Metadata-Version: 2.4
Name: siglip-kernel
Version: 0.1.1
Summary: Fused Triton kernels for memory-efficient SigLIP and SigLIP+ training
License: Apache-2.0
Project-URL: Repository, https://github.com/avocardio/siglip-kernel
Requires-Python: >=3.10
Description-Content-Type: text/markdown
Requires-Dist: torch>=2.1.0
Requires-Dist: triton>=3.0.0
Provides-Extra: dev
Requires-Dist: pytest>=7.0; extra == "dev"

# siglip-kernel

Fused Triton kernels for memory-efficient SigLIP training. The first public fused GPU kernel for the sigmoid contrastive loss: tile-by-tile computation that never materializes the `B × B` logit matrix, reducing peak loss memory from `O(B²)` to `O(B · D)` and enabling per-device batch sizes that the standard implementation cannot allocate.

On Hopper (GH200/H100) at `B=65,536` in BF16 the kernel runs the full loss forward+backward in 48.8 ms versus the eager cuBLAS reference's 102.0 ms (2.1× faster) on 1.4 GB versus 33 GB; the minimum-memory configuration (`chunk_size=1024`) uses 640 MB (52× less) at 54.3 ms. It beats even a `torch.compile`d reference from `B=32,768` up and reaches `B=262,144` on 5.6 GB where both references OOM. An opt-in FP8 forward (`backend="chunked_bf16_fp8"`) adds ~5% with gradient error below the BF16 floor.
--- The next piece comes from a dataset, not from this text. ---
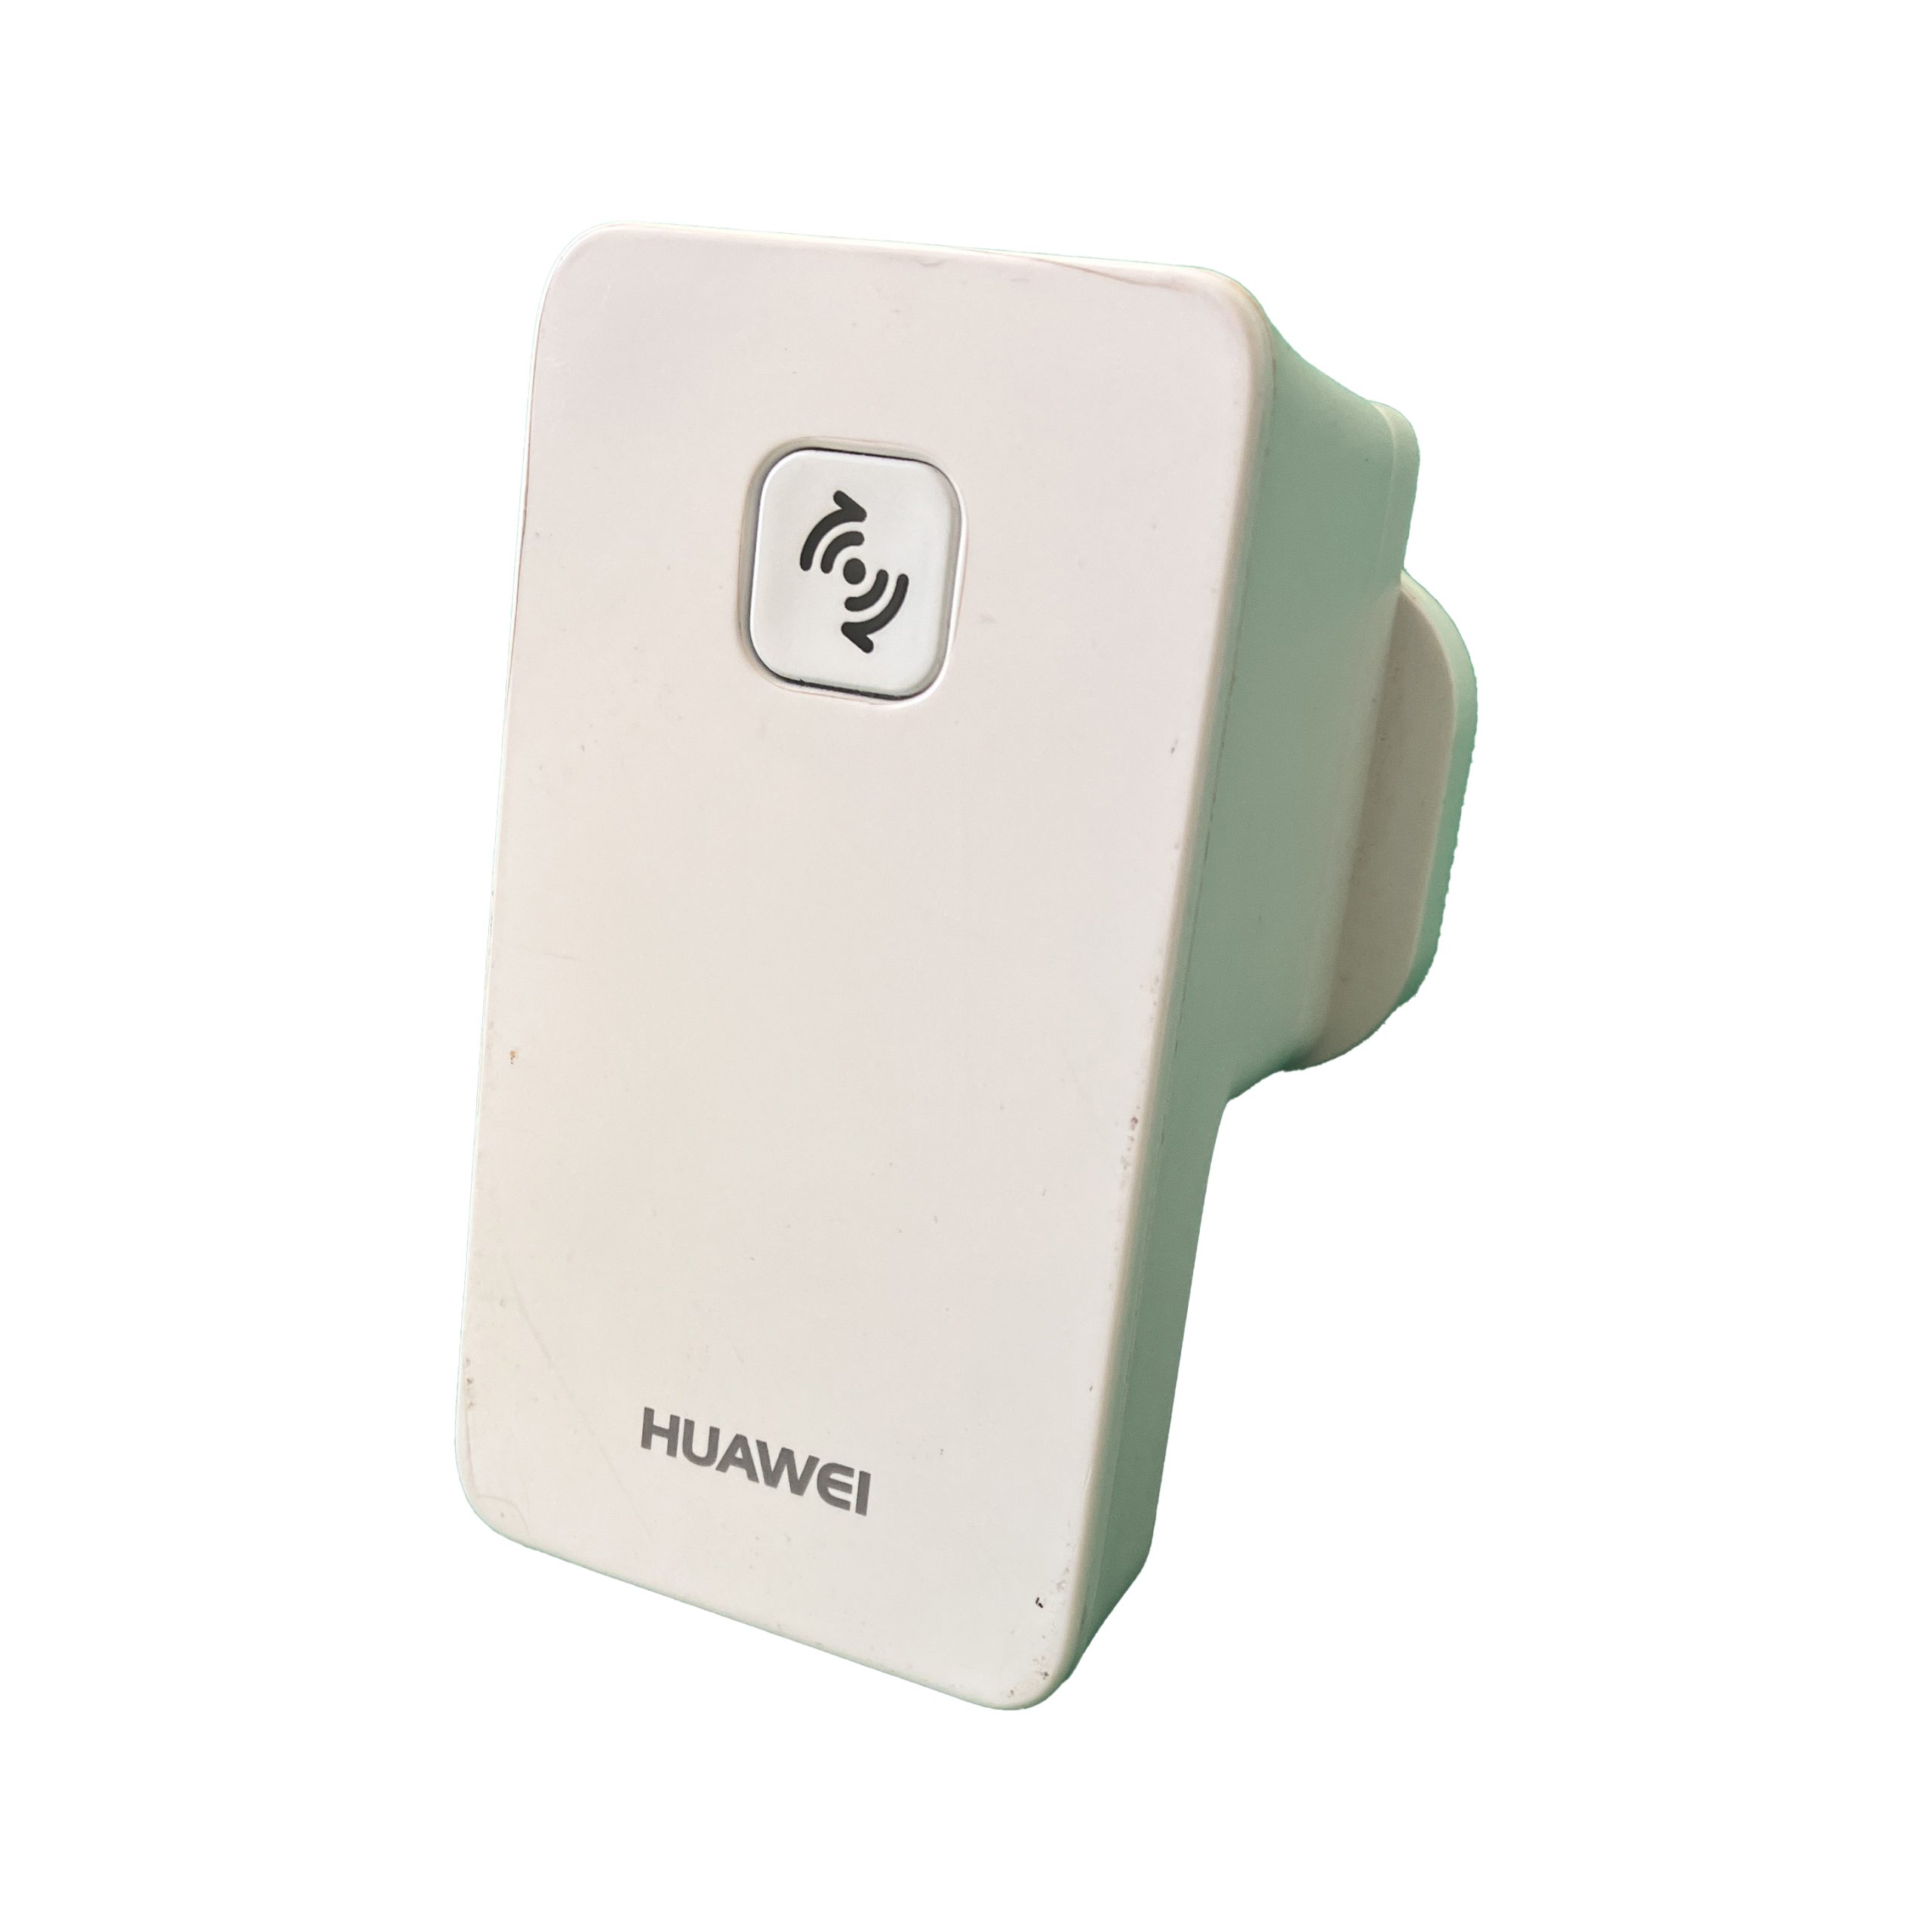 Huawei WS320 Wi-Fi Repeater Mini Wifi amplifier Range Extender - UK 3-pin Plug

See the [paper](https://github.com/avocardio/fusedsiglip_paper) for full benchmarks and validation (3-epoch CC12M pre-training, 500-step LiT, parity tests).

## Install

```bash
git clone https://github.com/avocardio/siglip-kernel.git
cd siglip-kernel
pip install -e .
```

Requires PyTorch ≥ 2.1 and Triton ≥ 3.0.

## Usage

```python
import torch
from siglip_kernel import fused_siglip_loss

img = torch.randn(8192, 768, device="cuda", dtype=torch.bfloat16)
txt = torch.randn(8192, 768, device="cuda", dtype=torch.bfloat16)
img = torch.nn.functional.normalize(img, dim=-1)
txt = torch.nn.functional.normalize(txt, dim=-1)
log_temp = torch.tensor(2.302, device="cuda", requires_grad=True)  # ln(10)
bias     = torch.tensor(-10.0, device="cuda", requires_grad=True)

loss = fused_siglip_loss(img, txt, log_temp, bias)
loss.backward()
```

A dtype-aware router selects the right backend automatically: chunked-BF16 (cuBLAS GEMM + Triton fused BCE with the temperature/bias affine folded in-kernel) for `bfloat16`/`float16`, fully-fused Triton for `float32`. Pass `backend=` to override (`"chunked_bf16"`, `"chunked_bf16_fp8"`, `"chunked_epilogue"`, `"fused"`, `"hopper"`, `"fused_v2"`, or `"reference"`). The chunk size is adaptive (speed-optimal `c=4096` on SM90+); pass `chunk_size=1024` to the loss functions directly for the minimum-memory configuration. The forward path is free of host syncs and CUDA-graph capturable.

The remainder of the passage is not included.